As demonstrated by the SPARQL queries described in the Results, it is possible to query various databases with a single query and get integrated data on a single glycoprotein. Numerous papers contained a wide range of information, including connections between diseases, tissues, and cell lines. Since all of these databases are constantly being updated, the information that is currently available only represents the situation as of this writing (James et al., 2003).

It is clear from the glycan data that, despite the GlyTouCan IDs not overlapping, the allocated IDs might still be mapped to different glycans because of variations in fragmentation annotations and confusing connections. For such ambiguity, GlyTouCan gives connection information; additional investigation of these glycan linkages is left for future effort. Examples of the RDF data for glycoproteins created by GlycoNAVI, GlyConnect, and UniCarbKB are presented in this work. GlyGen is a resource that offers information about glycoproteins in RDF format and is implementing GlycoCoO ideas to promote data interoperability. In order to explore how ideas may be integrated or mapped with one another, we also intend to get in touch with database and lipid ontology developers. The GlySpace Alliance's members will eventually make all of this integrated data accessible.

We will also look at ways to link the GlycoCoO ontology with other relevant ontologies after demonstrating its efficacy. For instance, the Protein Ontology (PRO) offers a reliable and expandable framework for ontological study on proteins. It acts as a standard representation of proteoforms utilising PSI-MOD as a posttranslational modification reference and UniProtKB as a sequence reference to precisely and fully model protein entities and their connections in biological systems. By harmonising with the GlycoCoO principles mentioned, the PRO project will be broadened to capture the complexity of glycoproteoforms, particularly the variability of site-specific protein glycosylation.

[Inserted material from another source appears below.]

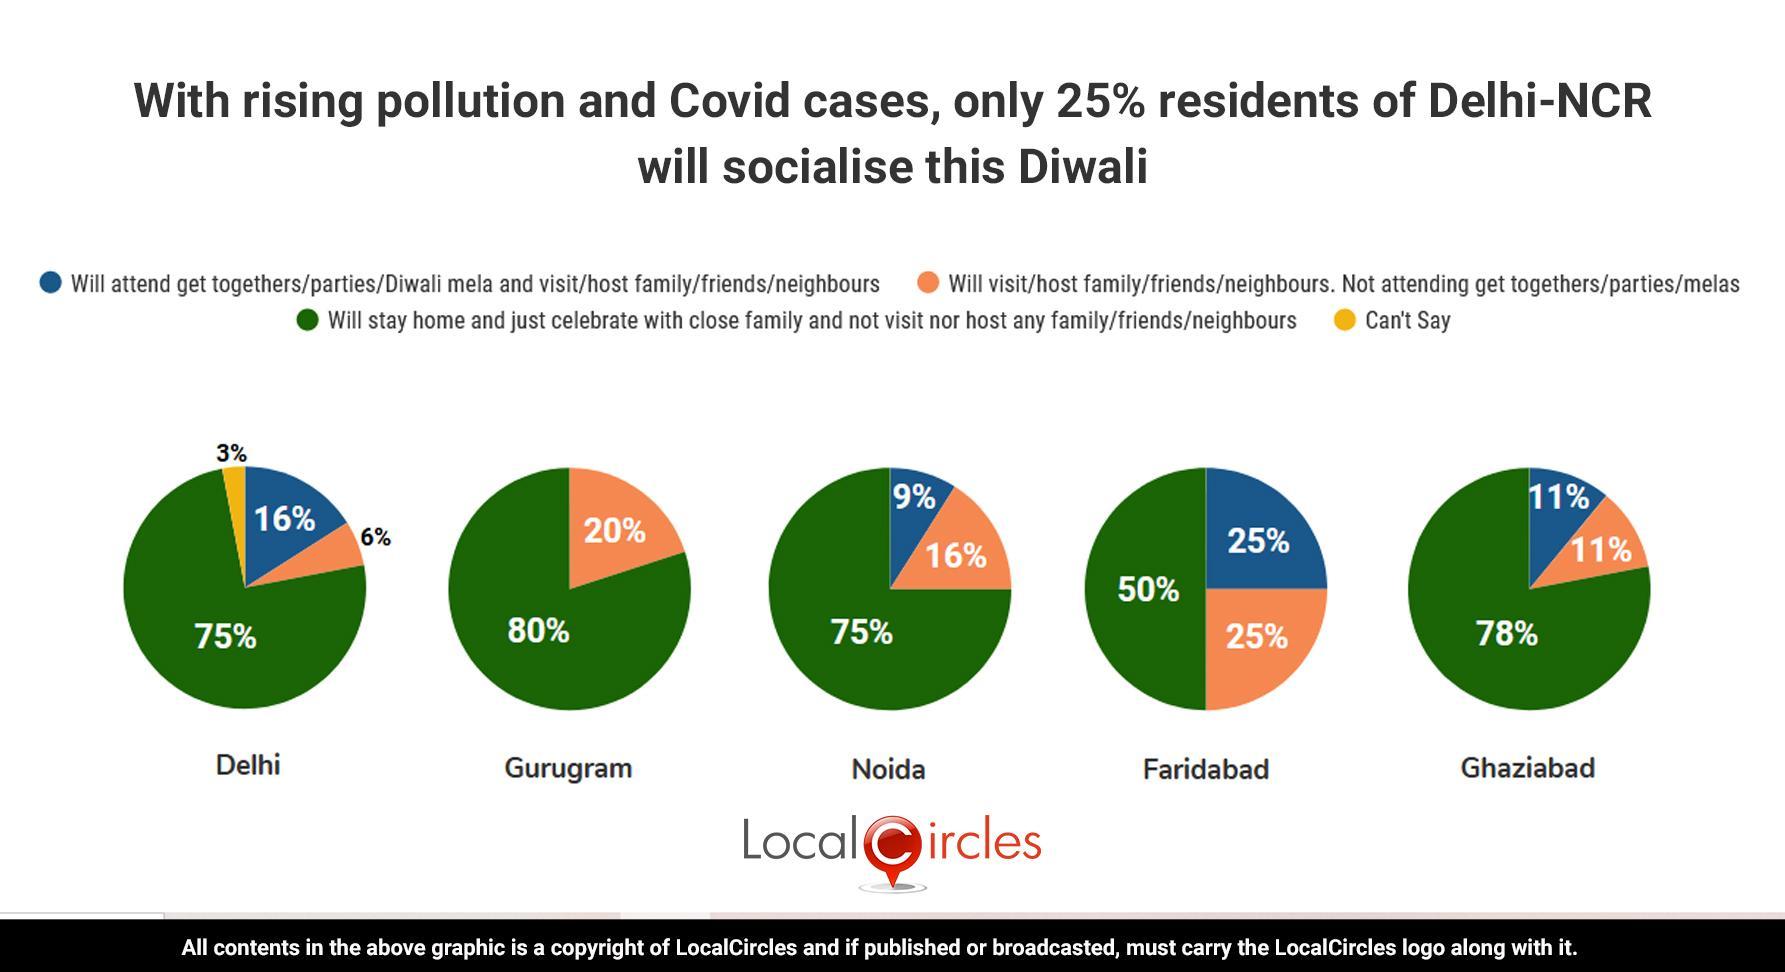 via_LocalCircles_Delhi_NCR_AQI_Polls_-_Summary_-_2___20201111083515___.jpg

Several sources, such as Reactome, KEGG (Kanehisa and Goto, 2000), GO, and UniProt, curate protein activities and pathways associated with glycosylation (Uniprot Consortium, 2018). Additional databases, such as Rhea, curate glycoenzyme reactions employing ChEBI molecular identities as glycan substrates by using ontology words.

Despite being important, these sites do not yet include enough information about glycosylation biosynthesis. The hierarchical aspect of glycosylation, which comprises the initiation, elongation/branching, and capping/termination stages, is especially poorly captured by them. GlycoEnzOnto fills this hole. Even though the focus is on human biology, other animals can benefit from much of the information and the data analysis approach. After include a few enzymes that are absent in humans, such as CMAH (Cytidine monophospho-N-acetylneuraminic acid hydroxylase) and A3GALT2, this same ontology, for instance, might be used to mice (Alpha-1, 3-galactosyltransferase 2).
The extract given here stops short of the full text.